● Dataset extract:
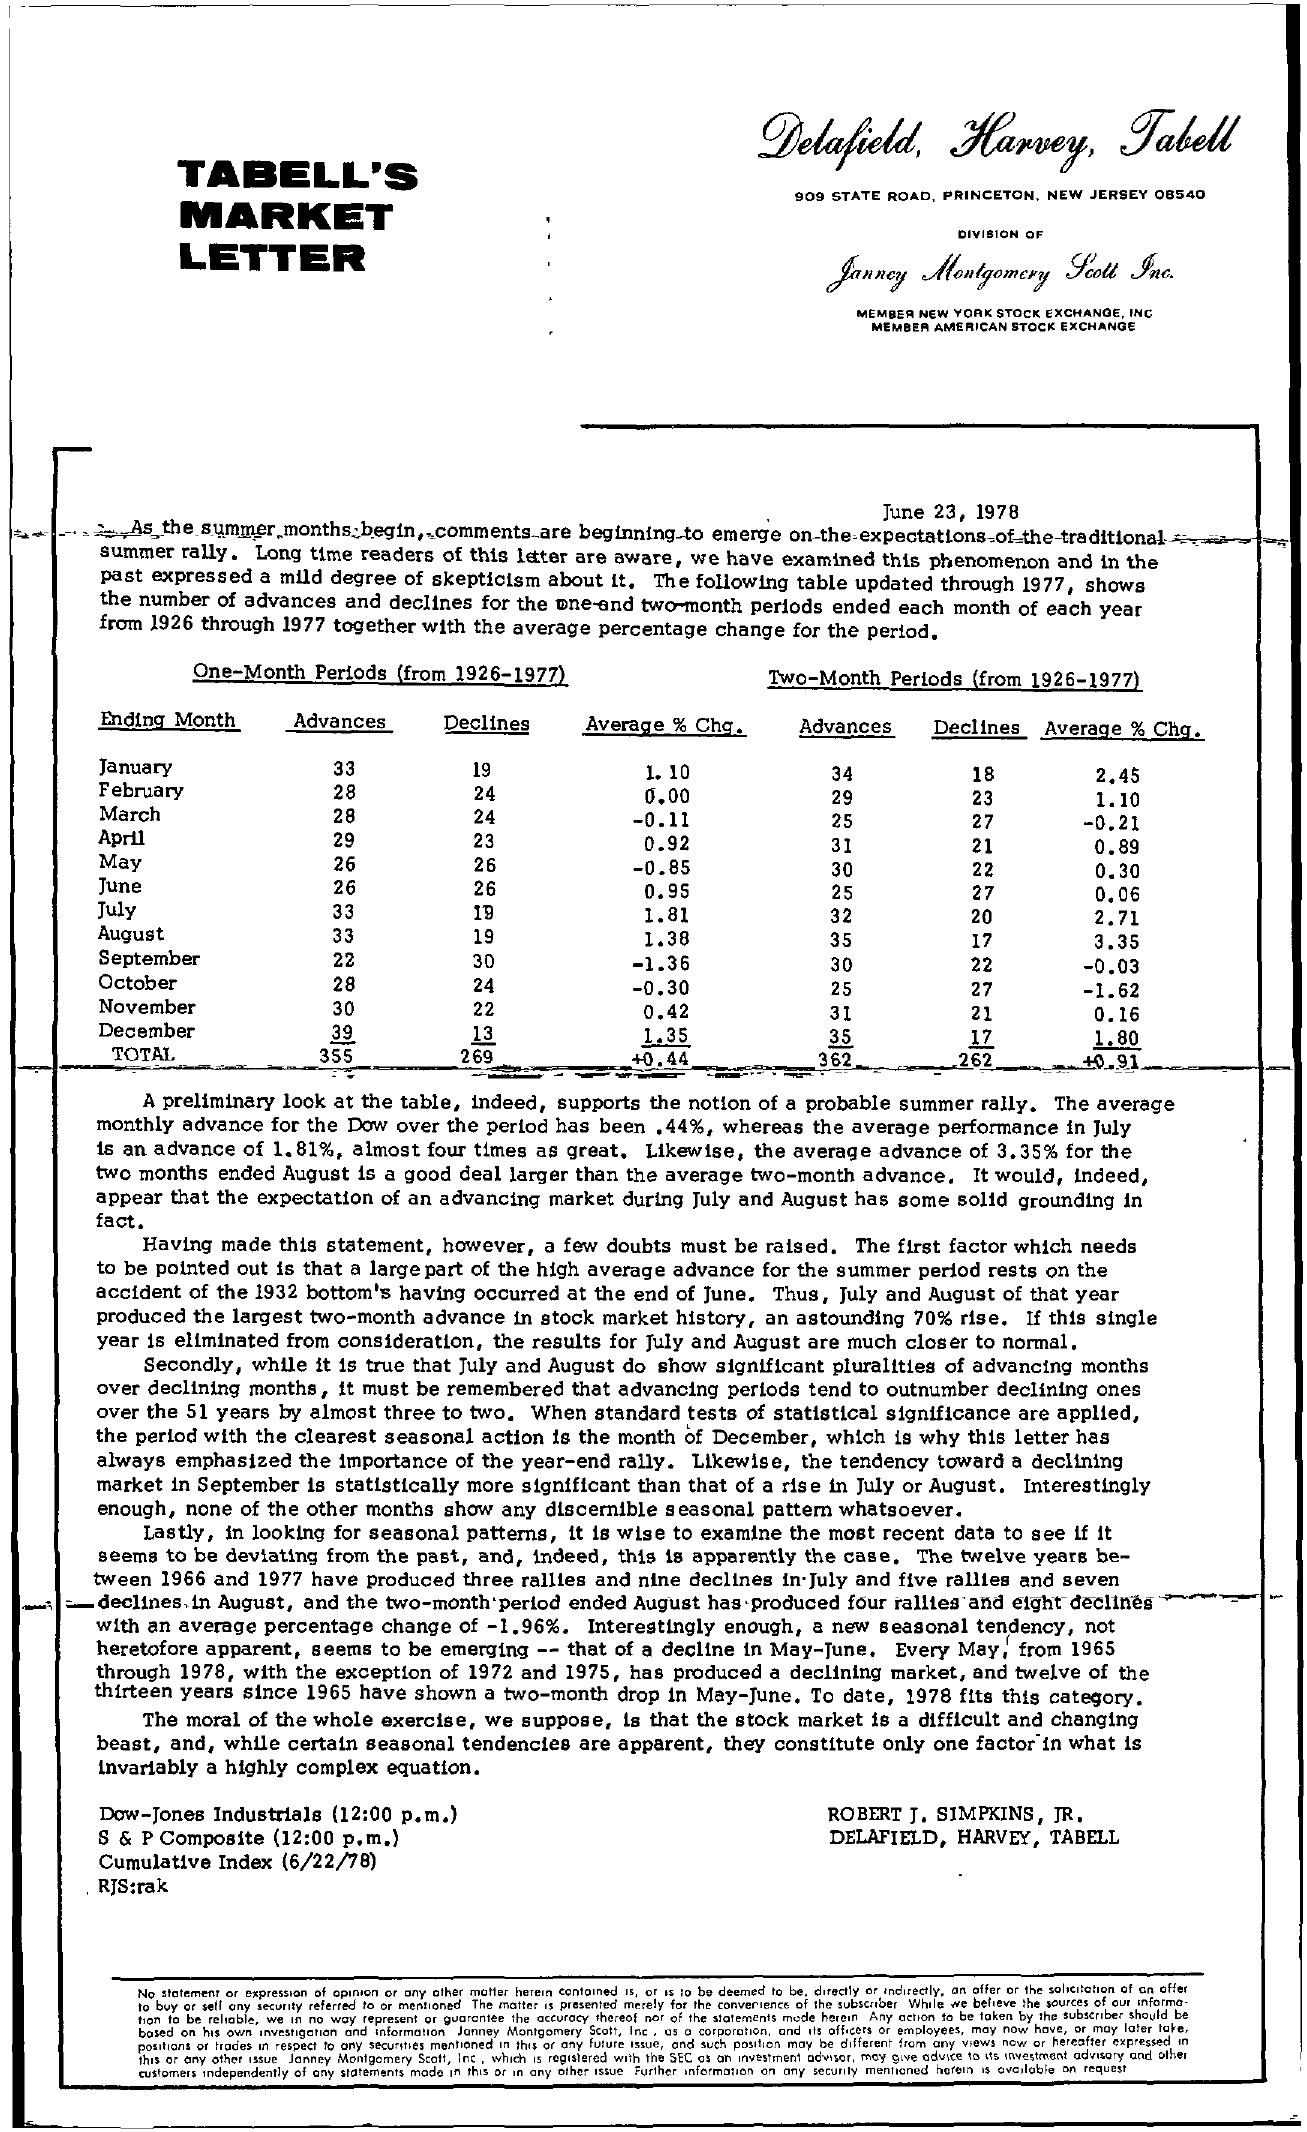 Tabell's Market Letter - June 23, 1978
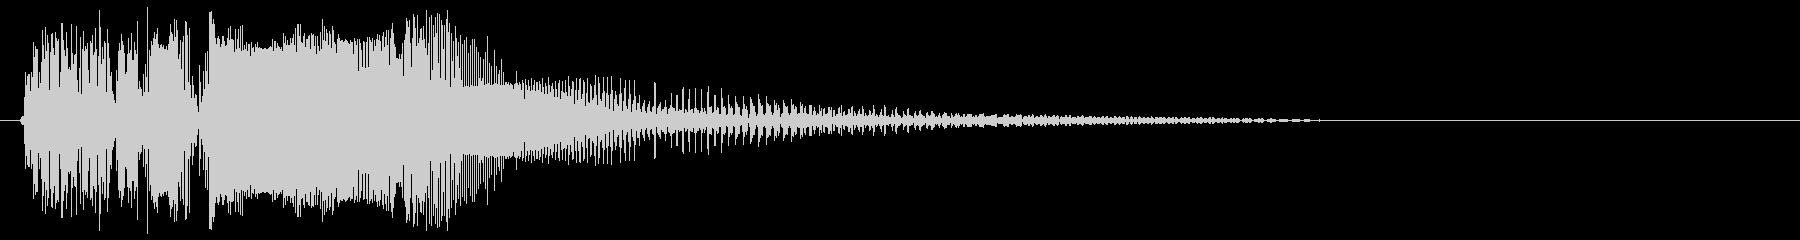 バキューーン(ショット音、強め)の未再生の波形
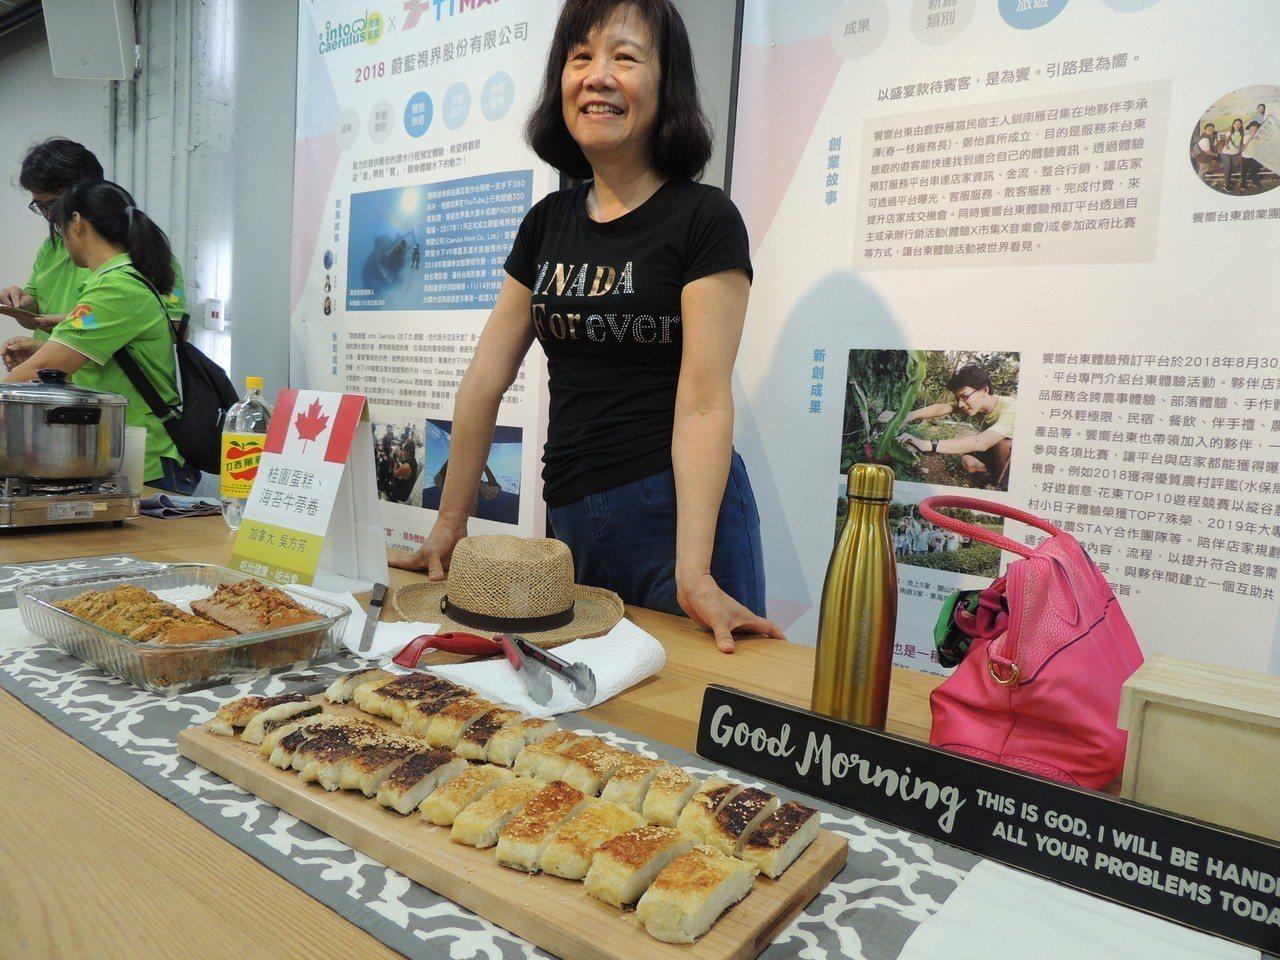 自小在加拿大長大的女牧師吳方方為活動準備加拿大糕點。記者羅紹平/攝影

● Your assignment:
Could the data above be repeated exactly, with every picture dropped?

● Task output:
 Tabell's Market Letter - June 23, 1978
 バキューーン(ショット音、強め)の未再生の波形
 自小在加拿大長大的女牧師吳方方為活動準備加拿大糕點。記者羅紹平/攝影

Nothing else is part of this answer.